YOUR TASK - Line for line, return the data exactly, omitting all pictures.

RAW DATA -

-- Opening Marker --

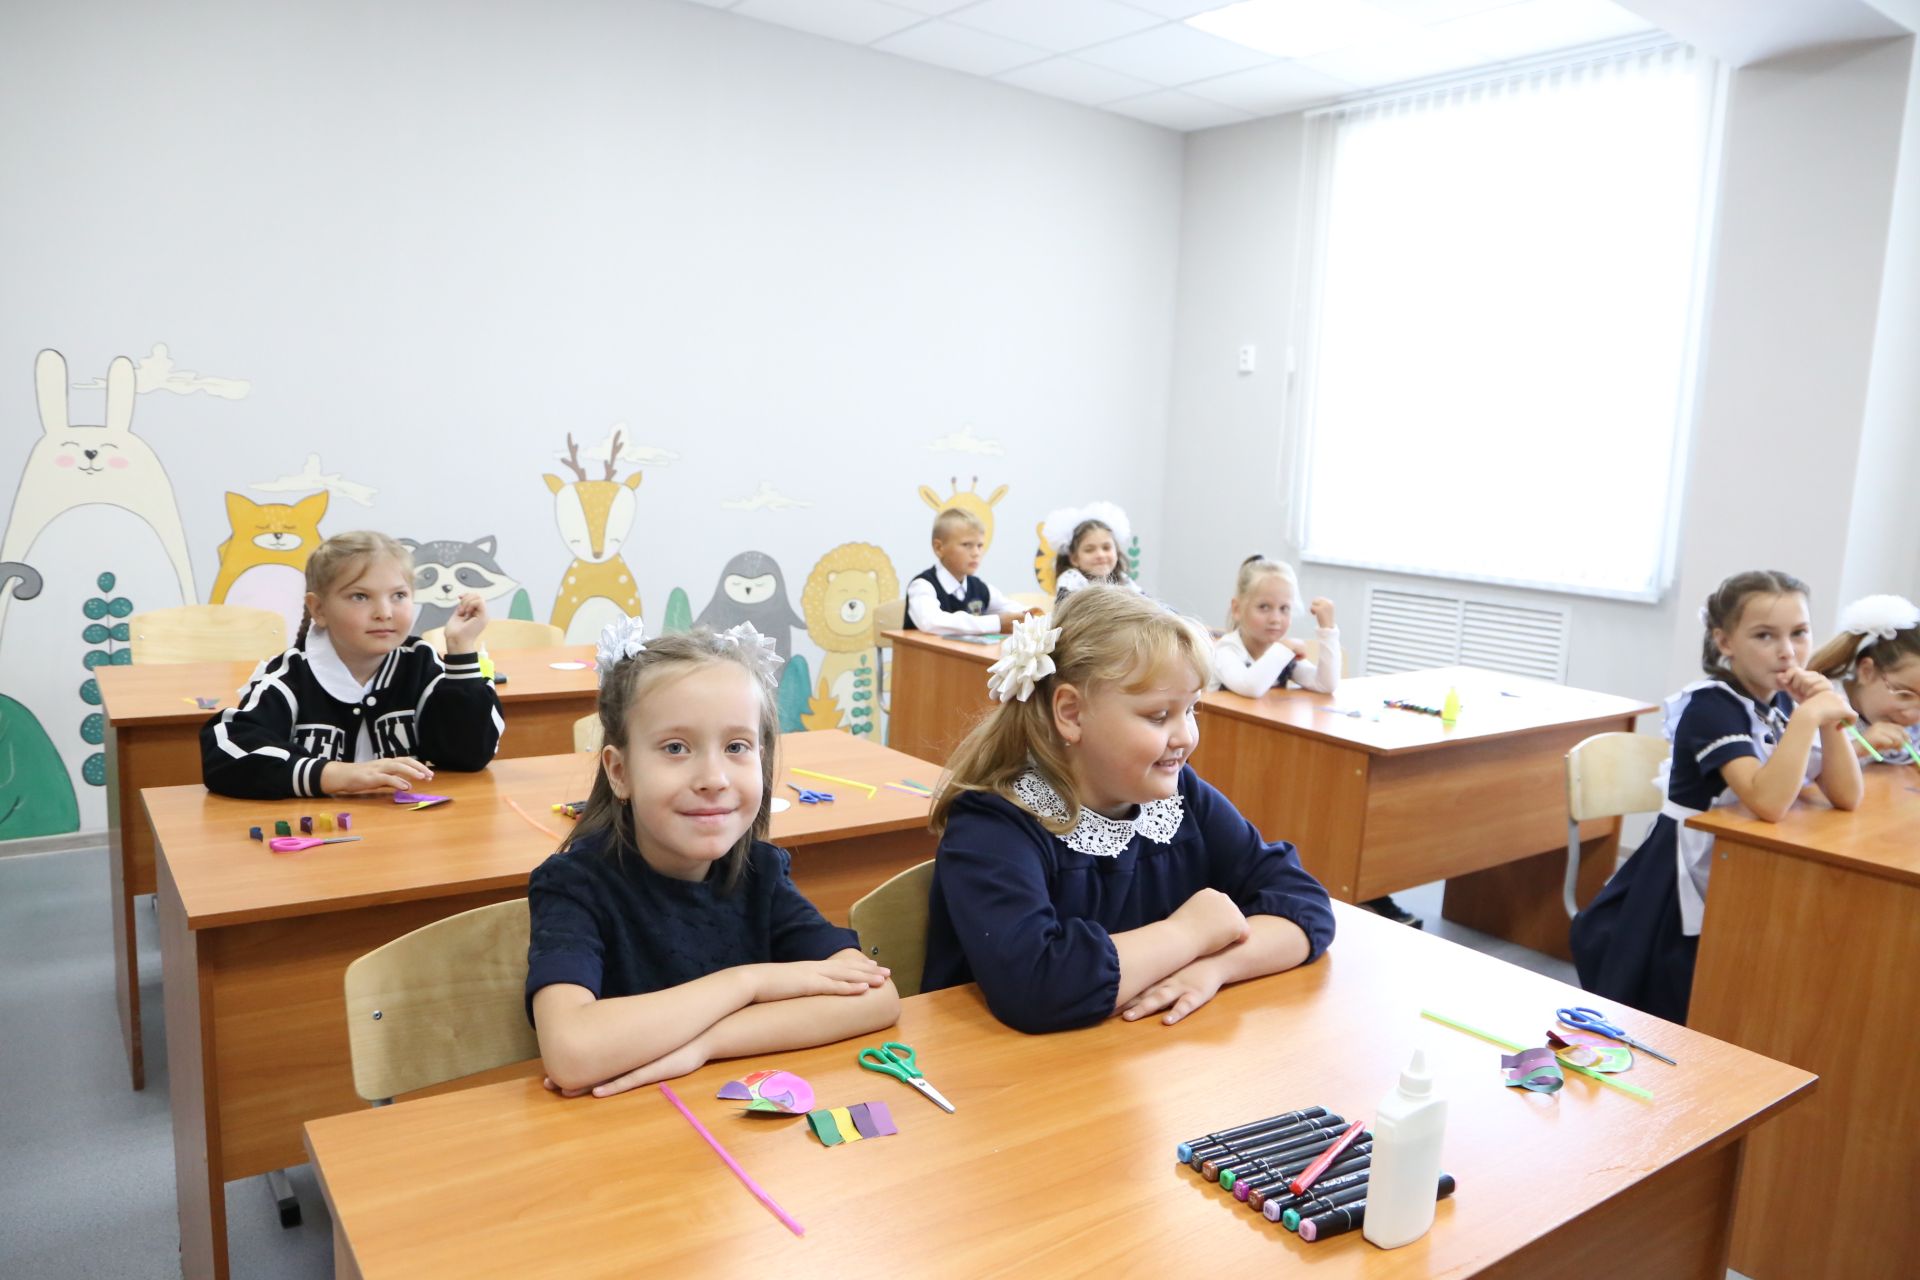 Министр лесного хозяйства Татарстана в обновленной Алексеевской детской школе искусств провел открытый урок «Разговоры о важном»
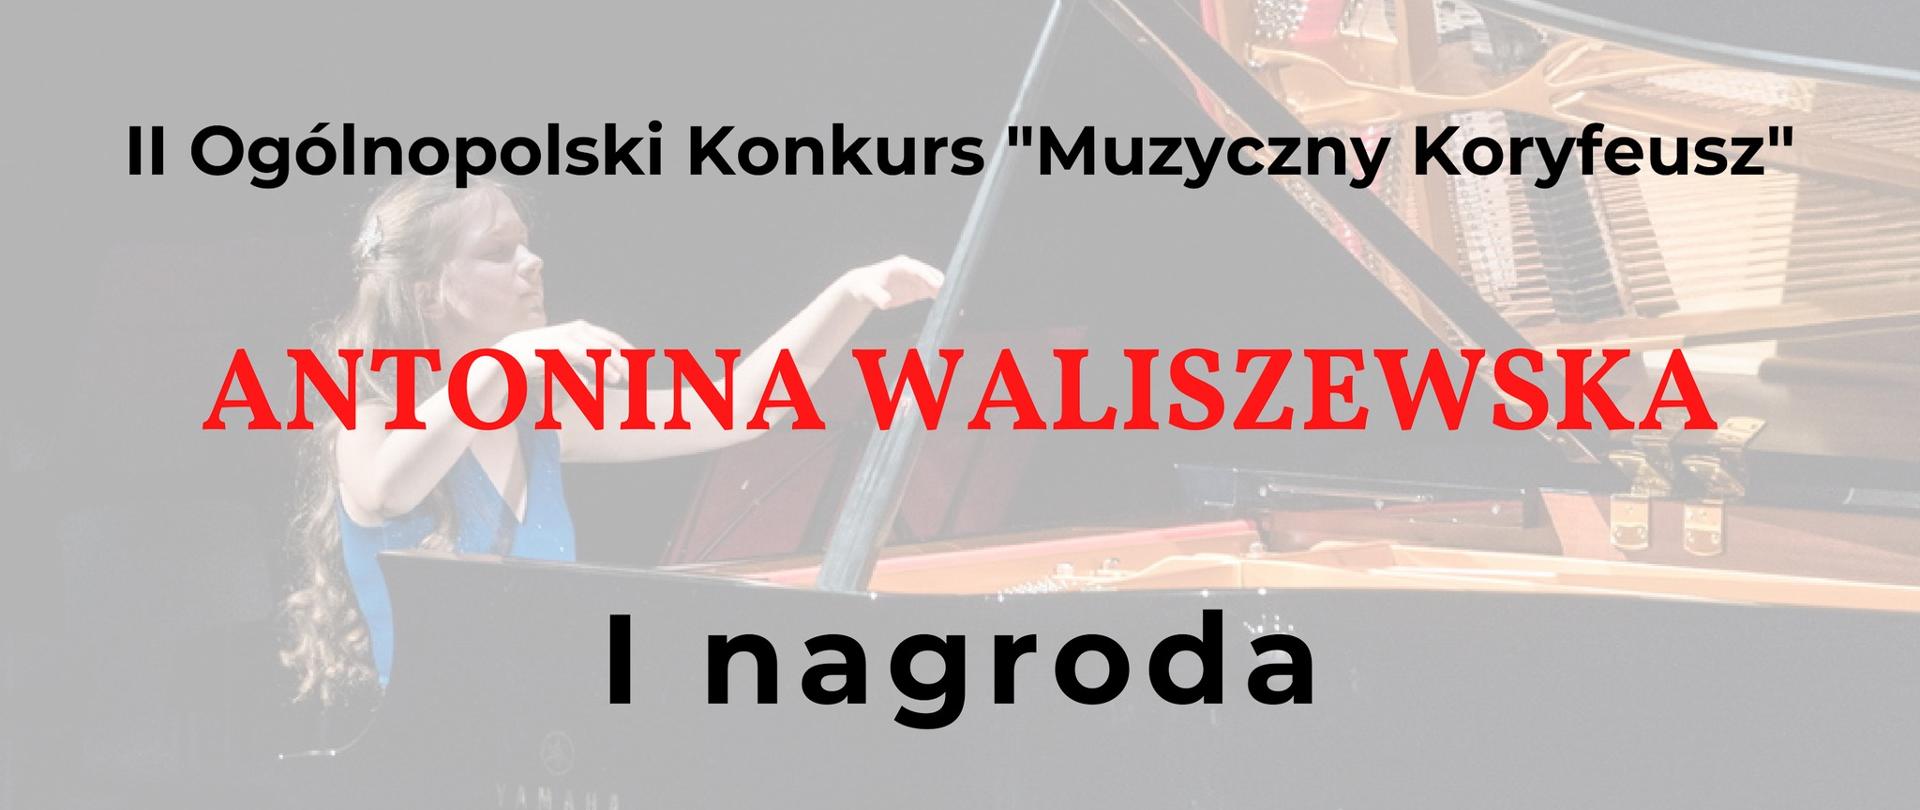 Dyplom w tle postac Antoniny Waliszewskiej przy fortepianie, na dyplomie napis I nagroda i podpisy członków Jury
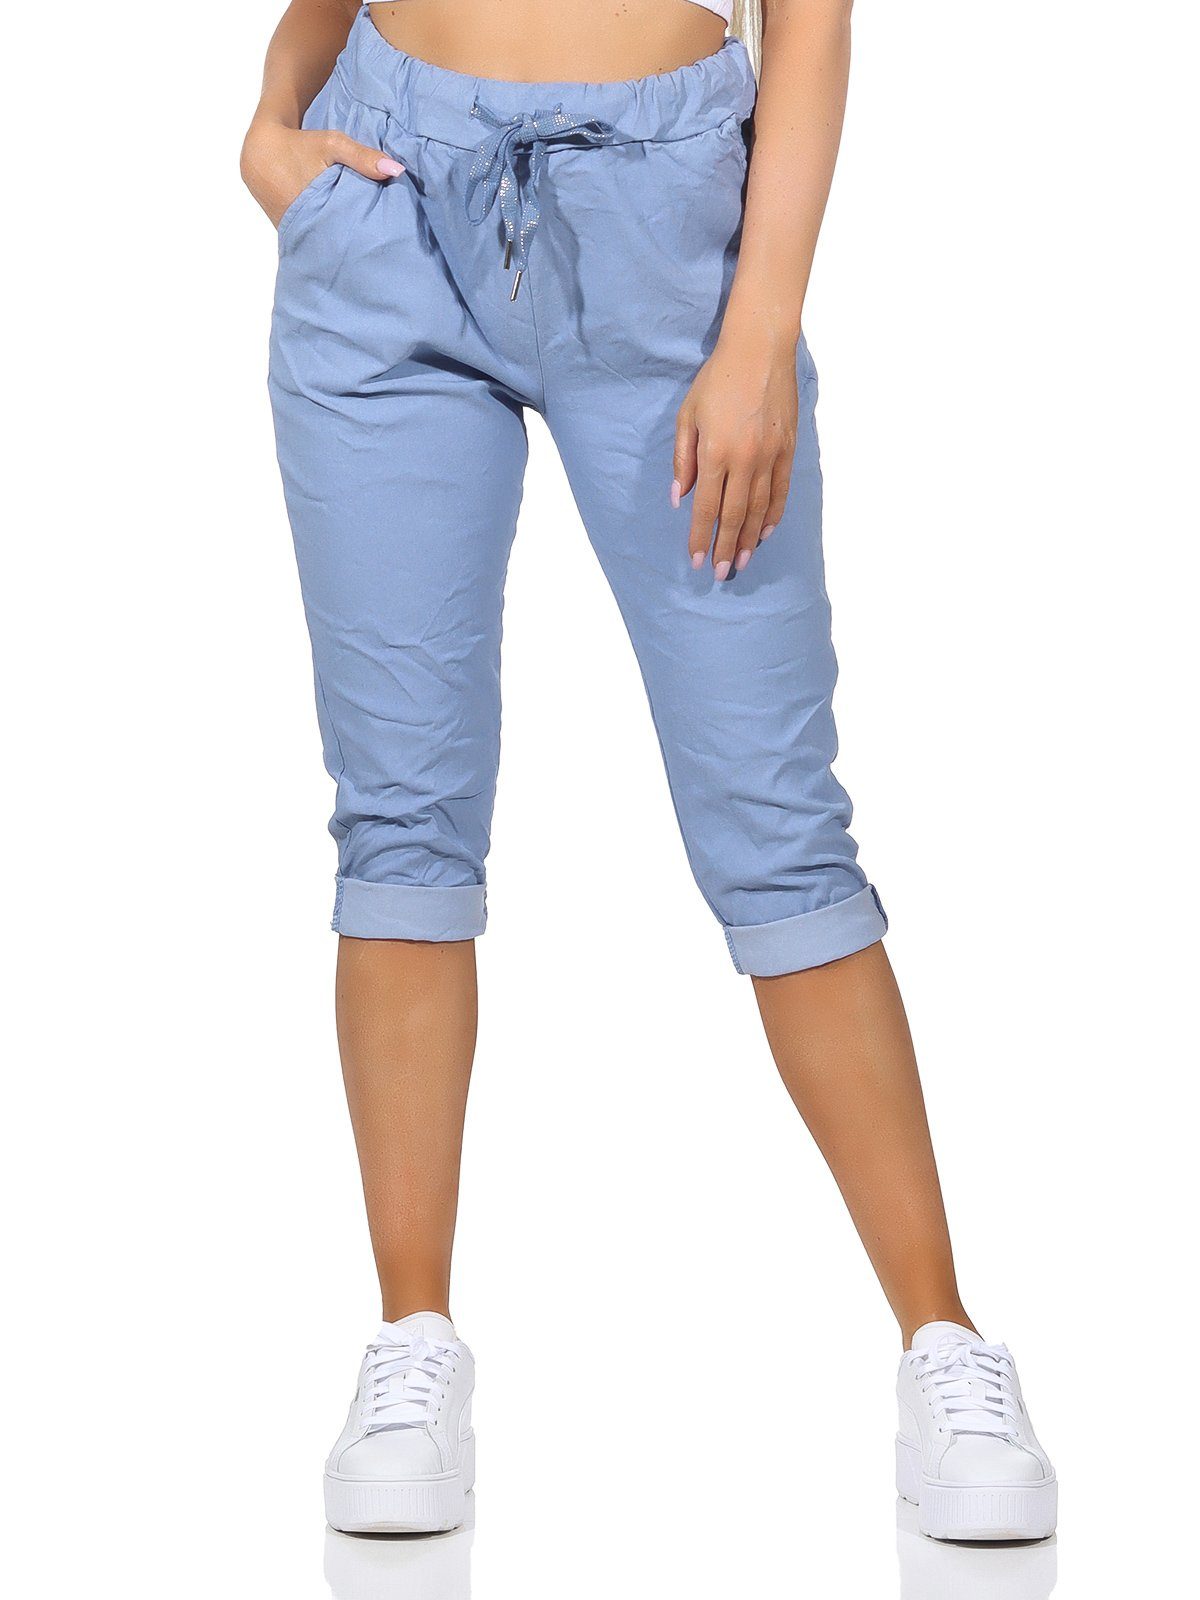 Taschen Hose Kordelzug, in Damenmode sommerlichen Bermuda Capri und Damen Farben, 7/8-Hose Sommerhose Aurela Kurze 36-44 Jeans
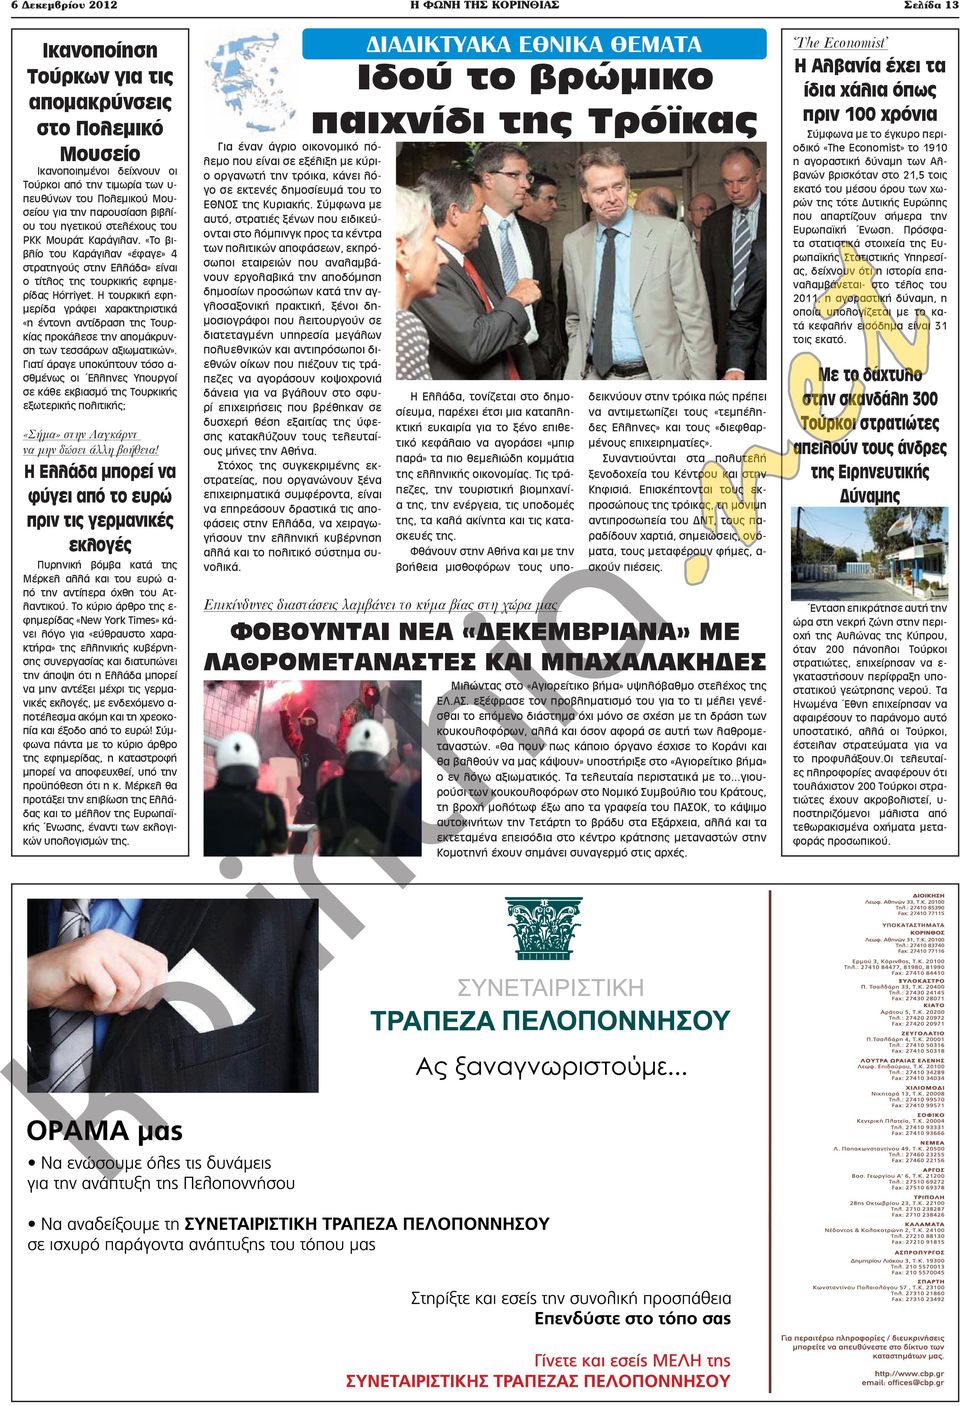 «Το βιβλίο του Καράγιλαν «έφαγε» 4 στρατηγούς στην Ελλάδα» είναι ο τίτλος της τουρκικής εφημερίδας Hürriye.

-- Closing Marker --

TASK RESPONSE -
 Министр лесного хозяйства Татарстана в обновленной Алексеевской детской школе искусств провел открытый урок «Разговоры о важном»
 Dyplom w tle postac Antoniny Waliszewskiej przy fortepianie, na dyplomie napis I nagroda i podpisy członków Jury
 Taschen Hose Kordelzug, in Damenmode sommerlichen Bermuda Capri und Damen Farben, 7/8-Hose Sommerhose Aurela Kurze 36-44 Jeans
 «Το βιβλίο του Καράγιλαν «έφαγε» 4 στρατηγούς στην Ελλάδα» είναι ο τίτλος της τουρκικής εφημερίδας Hürriye.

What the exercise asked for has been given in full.